El primer proceso al que se enfrentó Haidar en su reconocimiento de su identidad fue cuando pidió el cambio de nombre en el abono transporte, algo que le produjo tal felicidad que fue incapaz de no subirlo a las redes sociales y compartir aquel momento tan especial. Sin embargo, eso era el principio de una larga lucha a la que se enfrentan las personas trans diariamente en el cambio de documentación y procesos administrativos.

Respecto a sus operaciones, Haidar se ha visto afectado por el confinamiento y porque se vio obligado a cambiar de hospital para someterse a ambas intervenciones, un proceso que ha podido solucionar con mucha lucha, constancia y varias reclamaciones. “El procedimiento por el que debe pasar una persona trans es muy desesperante, sobretodo a la hora de solicitar atenciones”, lamenta Haidar.

Todo ello provocó que las operaciones se pospusieran durante largos meses de espera al no ser de “carácter urgente”, según le notificaron desde el hospital. Fue entonces cuando temió por su esperado momento, ya que le pedían iniciar de nuevo el proceso, lo que implicaba otros dos años de seguimiento endocrinológico antes de incluirlo en la lista de espera, un procedimiento ilegal.

 “Le pedí a mi médico de cabecera que por favor se dirigiera a mí por los apellidos para evitar momentos de máxima incomodidad”, cuenta sobre todo el proceso. Y es que el próximo año sueña con ir al gimnasio, hacer deporte o ir a la piscina. Actividades que parecen no ser extraordinarias pero que para él lo son. “No voy a la piscina o la playa porque no deseo ponerme un top y no me apetece ni me agrada bañarme con camiseta, en cualquiera de los dos casos, la gente no para de mirarme”.

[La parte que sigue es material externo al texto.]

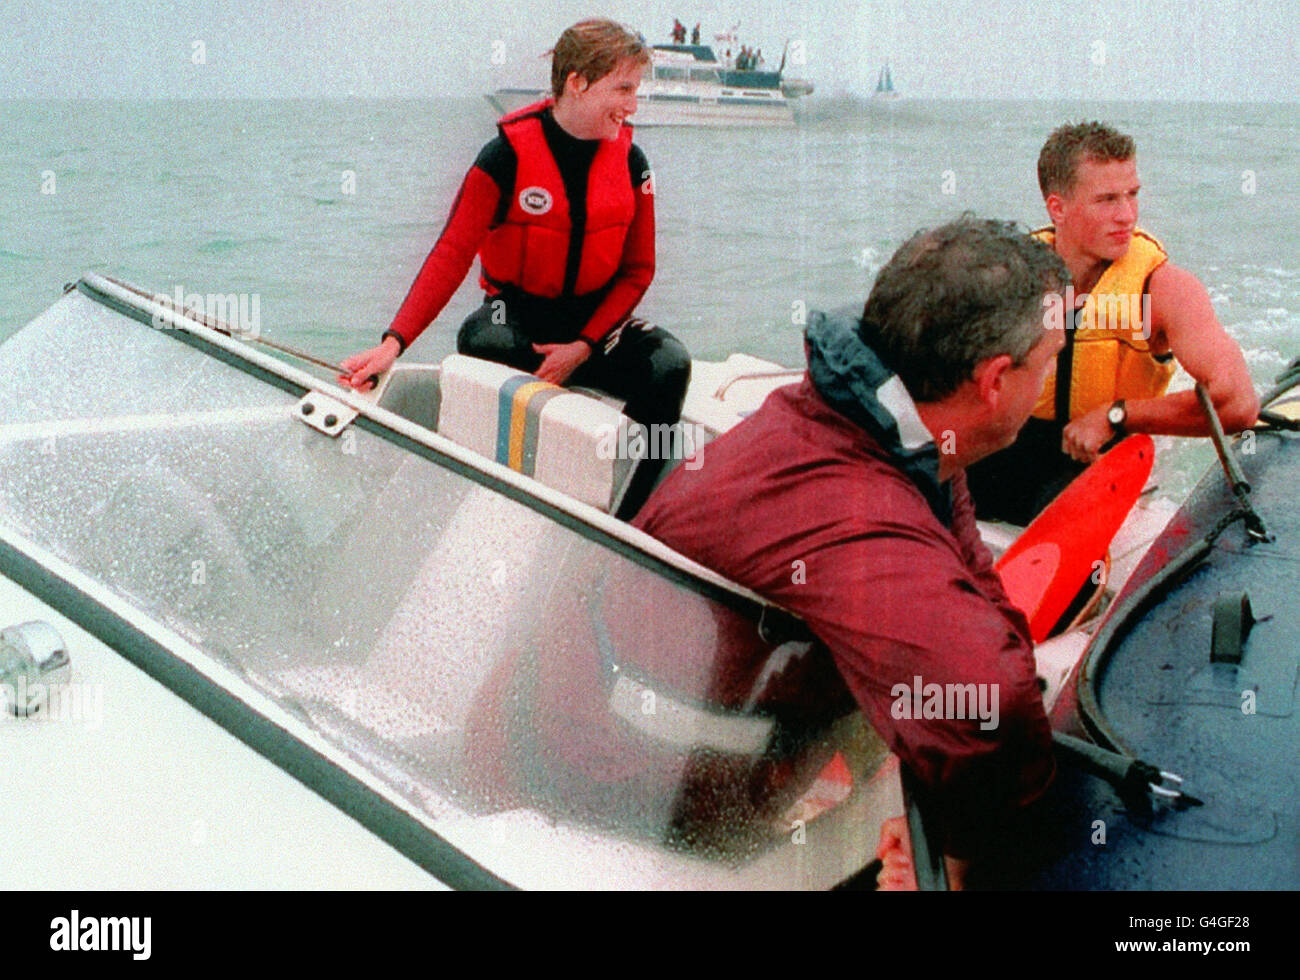 PA NEWS PHOTO 31/7/94 Prince Edward's girlfriend Sophie Rhys-Jones onboard a speedboat which picked her up after she fell whilst water Skiining. Peter Phillips, the son of the Princess Royal is on the right. Stock Photo

 “A las personas trans nos han dicho que todo el proceso hay que hacerlo paso a paso. Pero hay muchas formas de hacerlo, sin recurrir a un tránsito que está a día de hoy institucionalizado. Te dicen los pasos que tienes que dar para poderte cambiar el nombre, hormonarte antes, o para alcanzar las operaciones”, dice. Sobre la esperada Ley Trans espera “que se reconozca a todas las personas trans, con independencia de cuál sea su decisión frente al proceso, eso nos dará libertad para llevar nuestra identidad de género como la elijamos y decidamos”.  Y es que la ciudadanía cuando piensa en el colectivo trans, excluye la diversidad.

En Kifkif trabajamos a diario por los derechos de las personas trans migrantes, refugiadas y solicitantes de protección internacional. Desde nuestra entidad proporcionamos atenciones, grupos de apoyo y servicios para la comunidad trans, en todas nuestras áreas, con el objetivo de avanzar en el reconocimiento de nuestros derechos y libertades, imprescindibles para lograr una sociedad inclusiva en todos sus ámbitos.